Paper2SysArch: Structure-Constrained System Architecture Generation from Scientific Papers
Ziyi Guo, Zhou Liu, Wentao Zhang
TL;DR
This work tackles the lack of standardized evaluation for generating system-architecture diagrams from scientific papers by proposing the Paper2SysArch Benchmark, a large-scale dataset of 3,000 paper–diagram pairs with a three-tier semantic, layout, and visual evaluation framework. It also introduces Paper2SysArch, an end-to-end multi-agent system that converts papers into editable, structured diagrams using a hierarchical three-layer graph representation and a distributed generation pipeline. The benchmark emphasizes structure-centric semantics via a machine-readable GraphJSON ground truth, enabling reproducible and fair comparisons across methods.
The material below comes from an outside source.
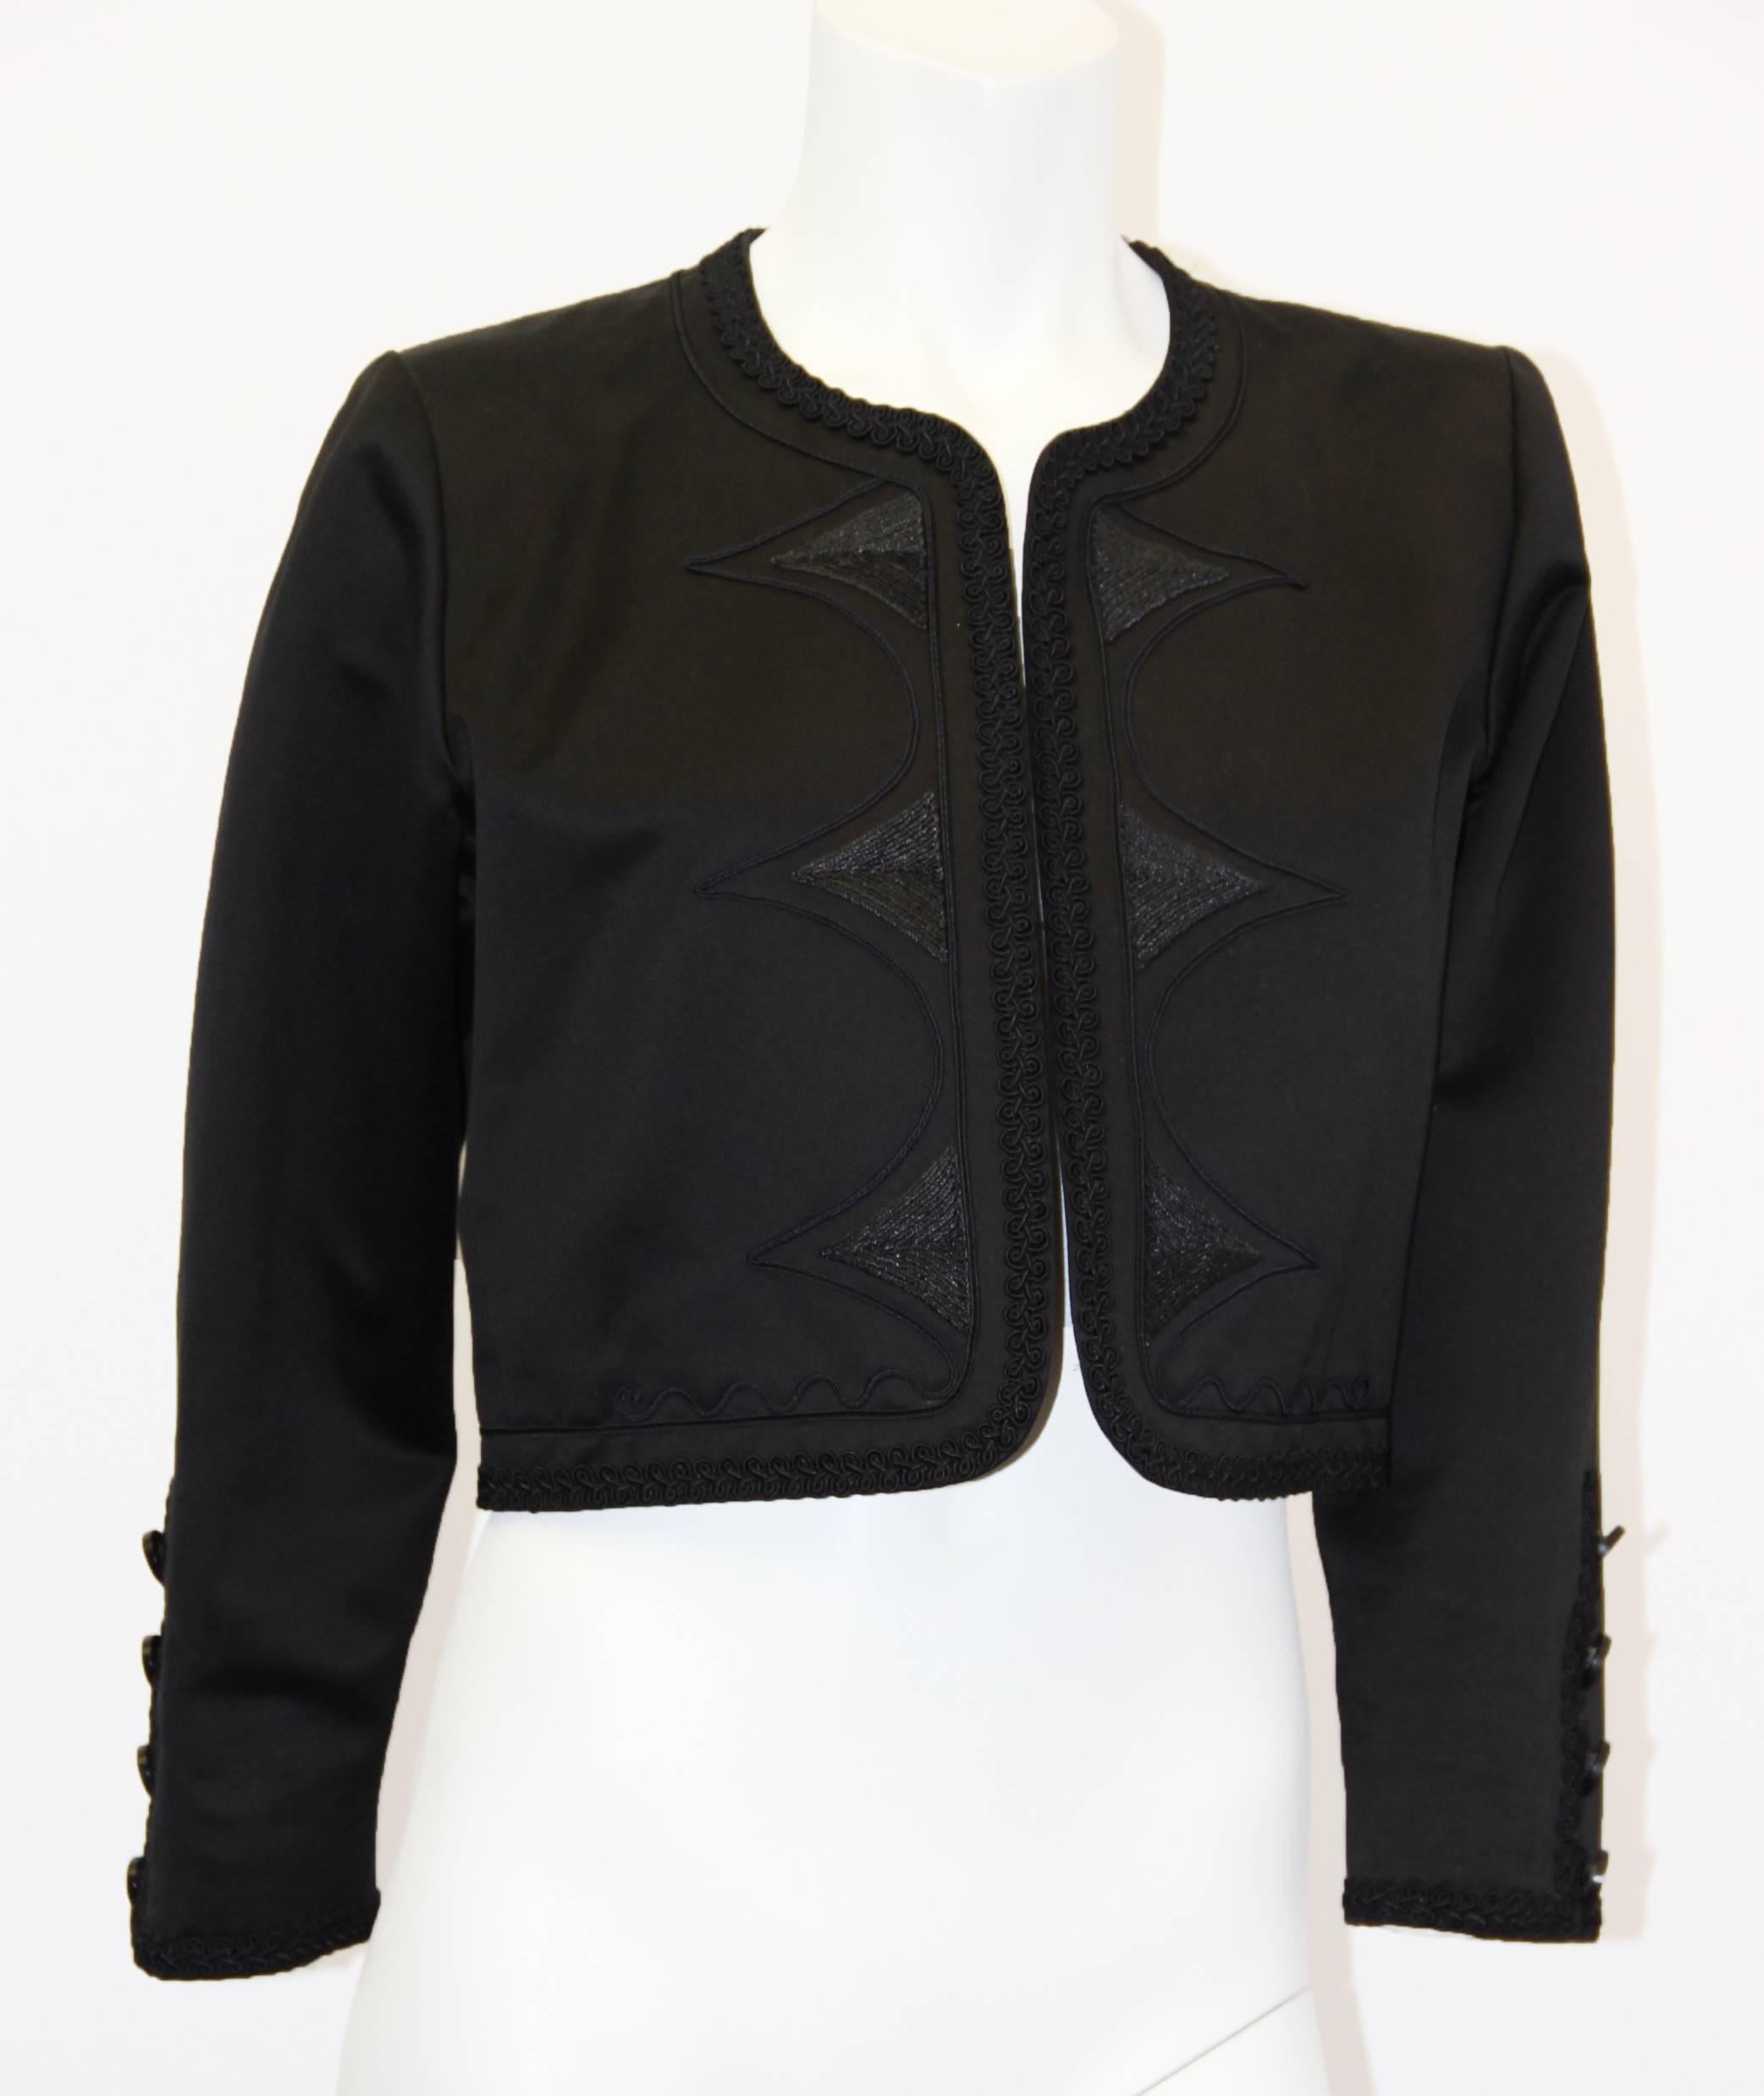 90s Yves Saint Laurent bolero. Raffia embroidery, scalloped trim along edges throughout.  Four, 8 pointed star stamped buttons on cuffs.  (sleeve length is 21 inches, shoulder seam to cuff)

Findings show strong visual and layout performance from the agent-based approach, with semantic fidelity remaining the main challenge, highlighting a promising direction for controllable, automated scientific visualization and future improvements in semantic reconstruction and layout flexibility.
Abstract
The manual creation of system architecture diagrams for scientific papers is a time-consuming and subjective process, while existing generative models lack the necessary structural control and semantic understanding for this task. A primary obstacle hindering research and development in this domain has been the profound lack of a standardized benchmark to quantitatively evaluate the automated generation of diagrams from text. To address this critical gap, we introduce a novel and comprehensive benchmark, the first of its kind, designed to catalyze progress in automated scientific visualization. It consists of 3,000 research papers paired with their corresponding high-quality ground-truth diagrams and is accompanied by a three-tiered evaluation metric assessing semantic accuracy, layout coherence, and visual quality. Furthermore, to establish a strong baseline on this new benchmark, we propose Paper2SysArch, an end-to-end system that leverages multi-agent collaboration to convert papers into structured, editable diagrams. To validate its performance on complex cases, the system was evaluated on a manually curated and more challenging subset of these papers, where it achieves a composite score of 69.0. This work's principal contribution is the establishment of a large-scale, foundational benchmark to enable reproducible research and fair comparison. Meanwhile, our proposed system serves as a viable proof-of-concept, demonstrating a promising path forward for this complex task.